**What you should do:** Using the data below, return word for word every line from the one holding "#Cats #Wildcat #Belongs" down to the one holding "Флаг Азербайджана на". Leave pictures out.

-- Given records follows --

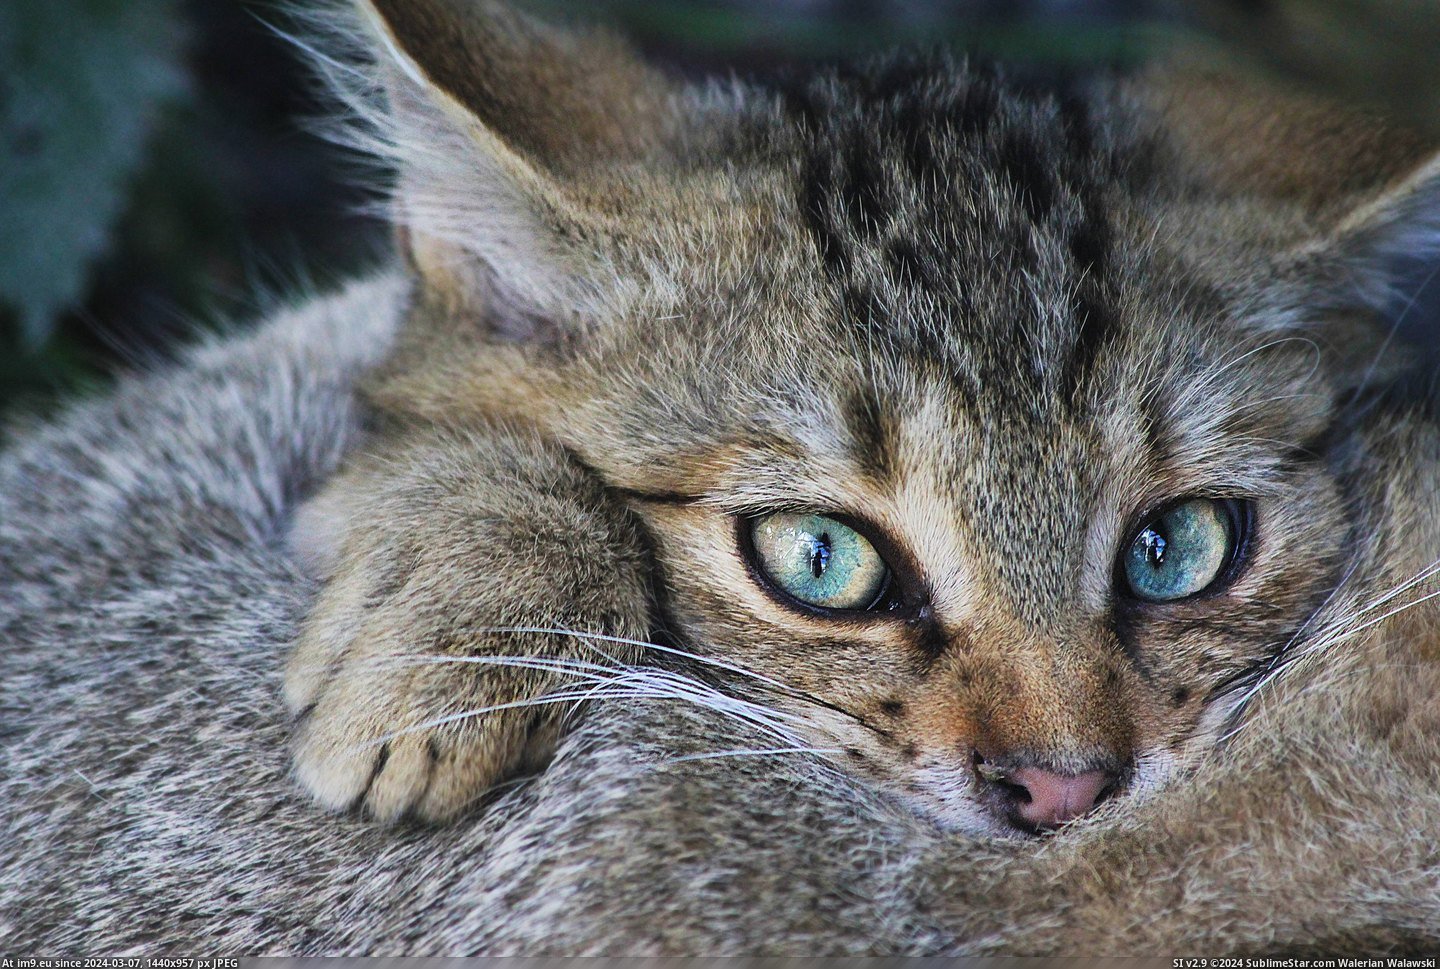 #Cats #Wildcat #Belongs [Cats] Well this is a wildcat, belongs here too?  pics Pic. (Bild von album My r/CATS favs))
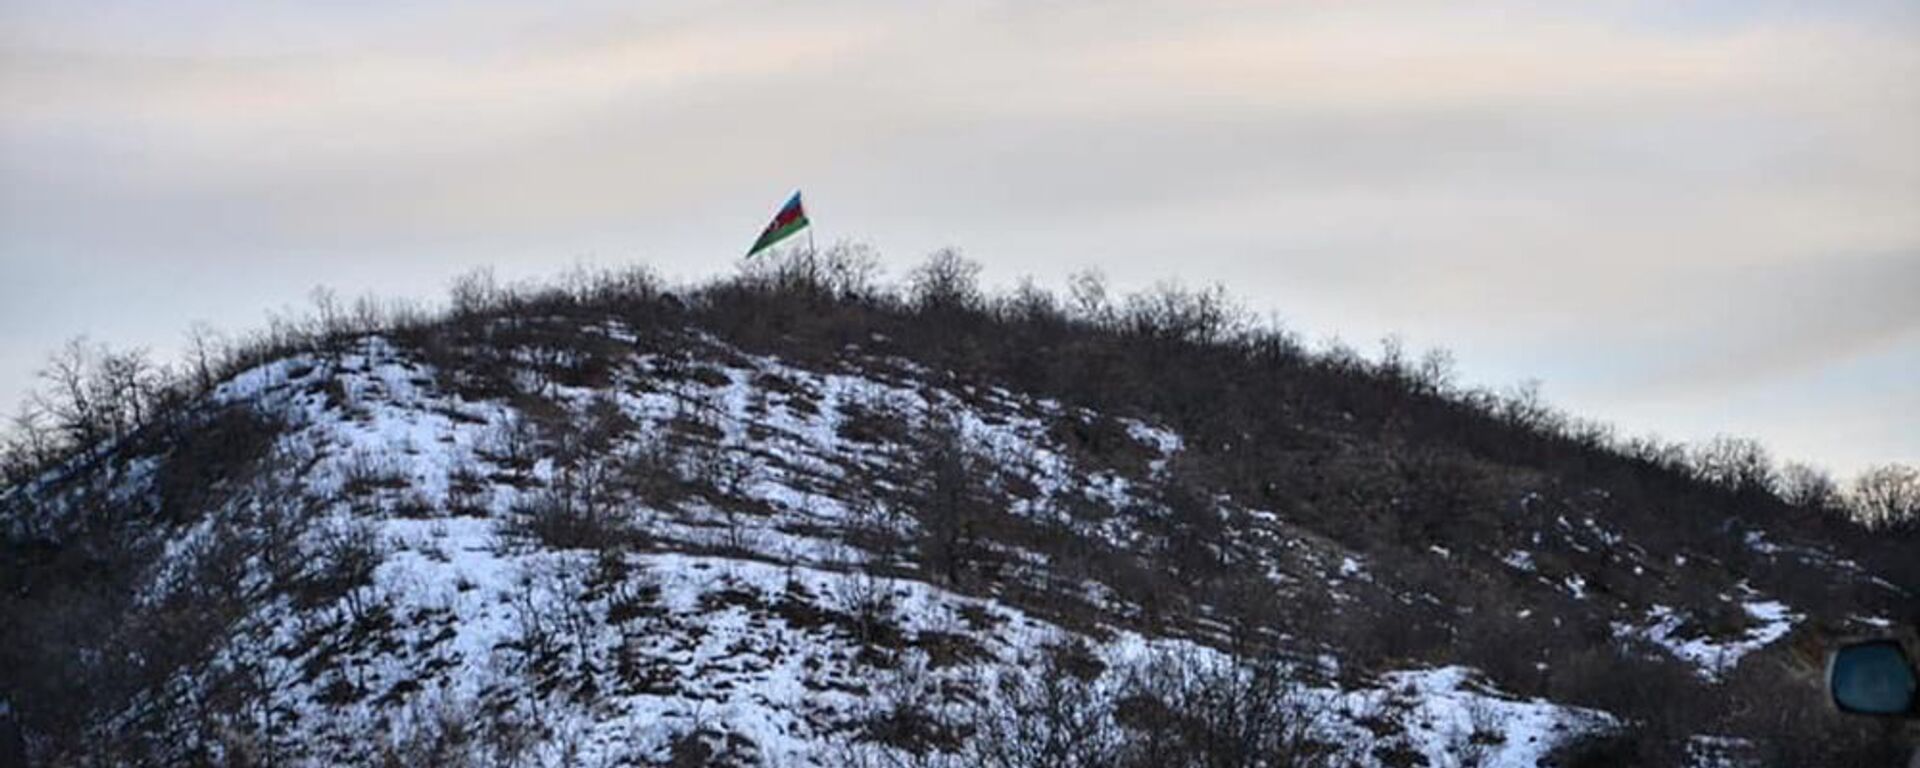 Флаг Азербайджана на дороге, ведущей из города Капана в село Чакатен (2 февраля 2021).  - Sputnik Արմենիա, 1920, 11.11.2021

-- Given records concluded --
-- Given records follows --

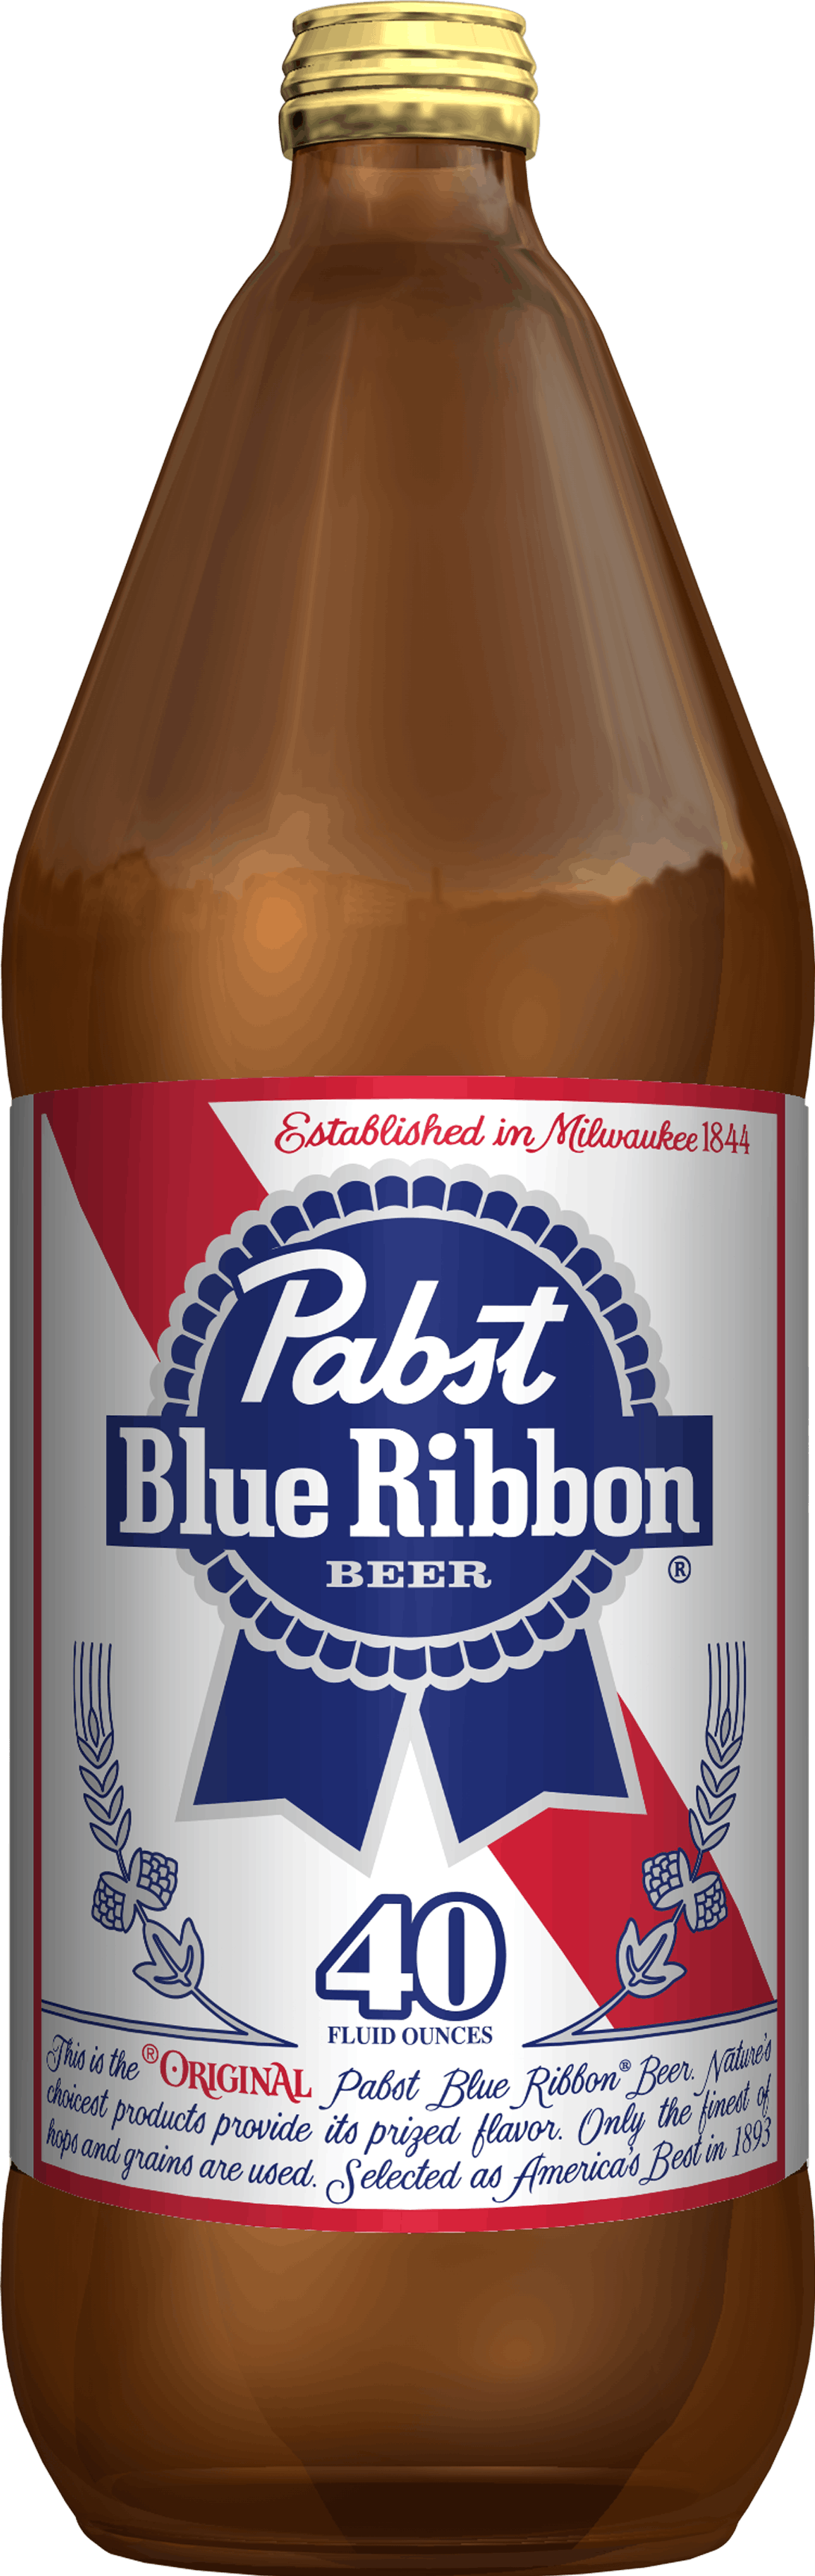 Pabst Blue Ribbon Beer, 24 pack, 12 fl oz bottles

-- Given records concluded --

**Your response:**
 #Cats #Wildcat #Belongs [Cats] Well this is a wildcat, belongs here too?  pics Pic. (Bild von album My r/CATS favs))
 Флаг Азербайджана на дороге, ведущей из города Капана в село Чакатен (2 февраля 2021).  - Sputnik Արմենիա, 1920, 11.11.2021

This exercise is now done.